Sri Lanka will head into the second and final Test against Bangladesh talking up fast bowling once again. Captain Dhananjaya de Silva, overseeing his first full World Test Championship cycle, is leaning towards fielding three seamers in Colombo even though the surface looks typically flat.
“We’ve got 12 in the squad, and we’ve got options, because our weather is changing from time to time as well,” he said the day before the match. “We were hoping to go with three seamers, but it’s hard to tell exactly – the pitch also looks flat.”
Recent history backs his thinking. The last Bangladesh–Sri Lanka series was dominated by pace, Lahiru Kumara, Vishwa Fernando and Kasun Rajitha sharing 29 wickets and finishing top of the bowling charts. Asitha Fernando is virtually guaranteed a spot this week, with Rajitha and Vishwa jostling for the remaining places. Uncapped right-armer Isitha Wijesundara stays in the squad as cover.
“Not just in the last series in Bangladesh, even in the previous one it was pace that got a lot of wickets,” de Silva noted. “We talked a lot about how the seamers got about 70% of their wickets. But it’s not easy to play seamers on these pitches, but we’re trying to play three. Let’s see what the pitch is like tomorrow morning.”

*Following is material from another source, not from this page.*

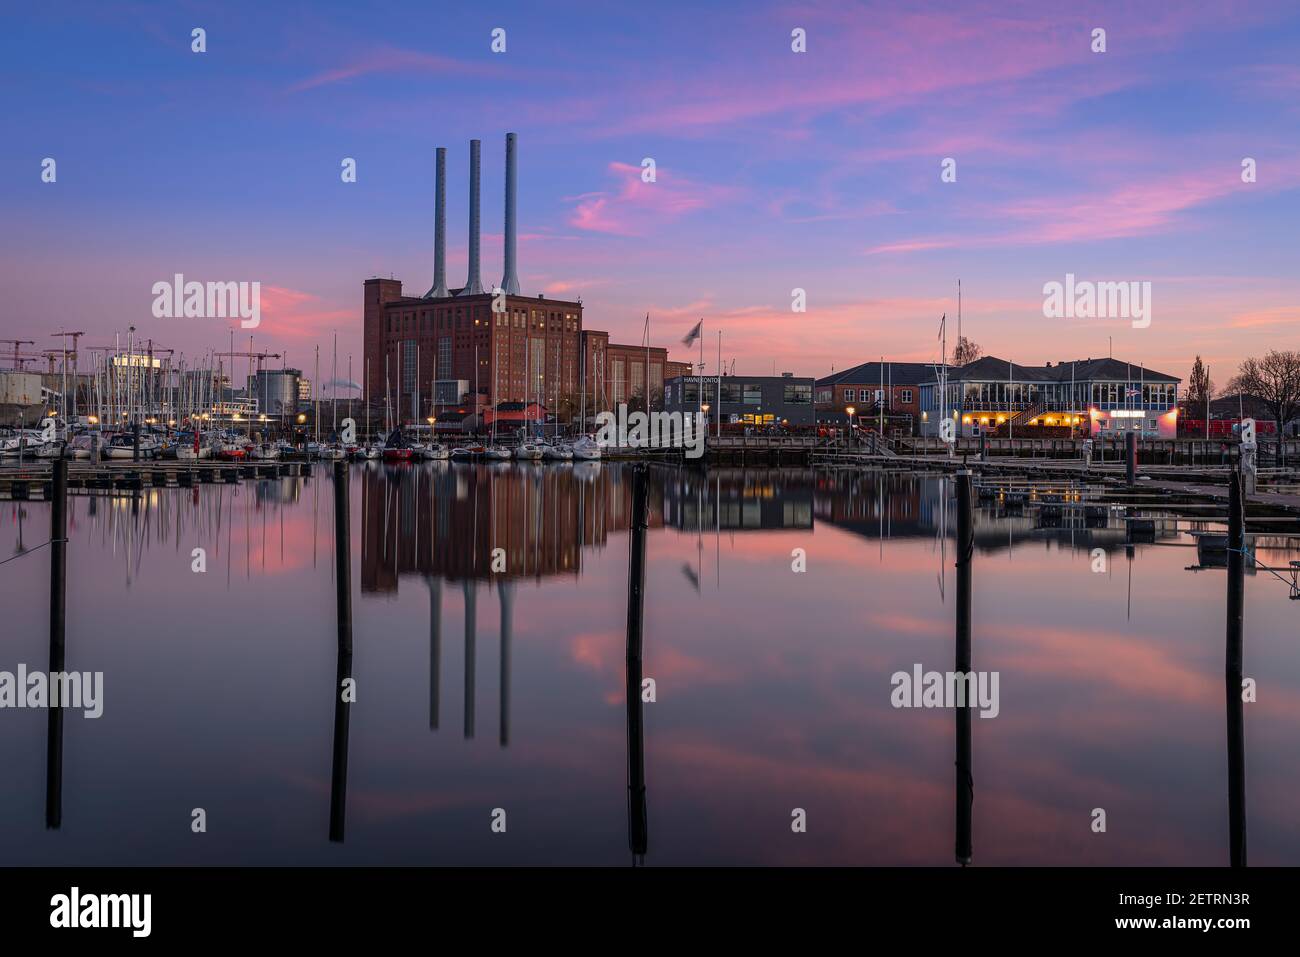 Svanemolle Power Station and the local Marina at dusk Stock Photo

The Test is Sri Lanka’s last scheduled outing in the format for 11 months, but there is no sense of marking time. Angelo Mathews’ retirement has left a sizeable hole at No 4 and, for now, de Silva intends to fill it himself. The move brings obvious risk. He averages 43.95 in the comfort of No 6 yet a modest 20.33 from six previous innings at No 4.
Asked who will replace Mathews, the skipper laughed before committing. “If you think I’m good enough, I’m ready to bat at four,” he said. “I’m set to bat there.” Statistics show he was patchy at No 3 earlier in his career – one memorable rearguard hundred against India but an average of 32.88 across 18 innings – yet his overall numbers have trended up since 2020. In that time he has scored at 43.85, a clear jump on his pre-2020 mark of 34.47.
Finding a new No 6 is the next puzzle. De Silva has made a point of blooding youngsters – Lahiru Udara and Tharindu Ratnayake debuted in the first Test – and another newcomer is on standby. Left-arm-spinning all-rounder Sonal Dinusha, with seven first-class centuries and 99 wickets, is favourite to earn a cap.
“With the wicket the way it is and if we need a spinner, I think Sonal is the best option,” the captain said. “For now there’s a big chance he will play.”
The option of three quicks plus Dinusha’s spin would leave only one specialist slow bowler, risky in Sri Lankan conditions yet consistent with the captain’s broader aim: develop a pace group that can win abroad. Sri Lanka’s seam stocks are healthy on paper, but a tighter domestic calendar and the temptation of spin at home often stall long-term progress. De Silva’s willingness to gamble suggests the management shares his view that hard overs now will pay dividends in England and Australia later in the cycle.
Bangladesh, still licking wounds from a heavy defeat in Sylhet, will not mind if more fast bowling comes their way. They played Dilshan Madushanka well in the opening Test but lost to sustained pressure from the supporting seamers. How they respond to a potentially stronger pace trio could decide the series.
The hosts, meanwhile, have their own motivation: a win would push them up the WTC table before that long winter without red-ball cricket. A defeat would leave Sri Lanka searching for answers during an extended break, and de Silva knows it.
He speaks quietly but with intent, aware that his choices this week – three quicks or two, himself at four, a debutant at six – will shape perceptions of his tenure. For now, the captain seems settled. Conditions might shift overnight, and selection meetings can spring surprises, yet the central theme remains clear. Sri Lanka want their fast bowlers front and centre, even at home, and the skipper has gone on record to say so. The rest of the series narrative will flow from that single, deliberate call.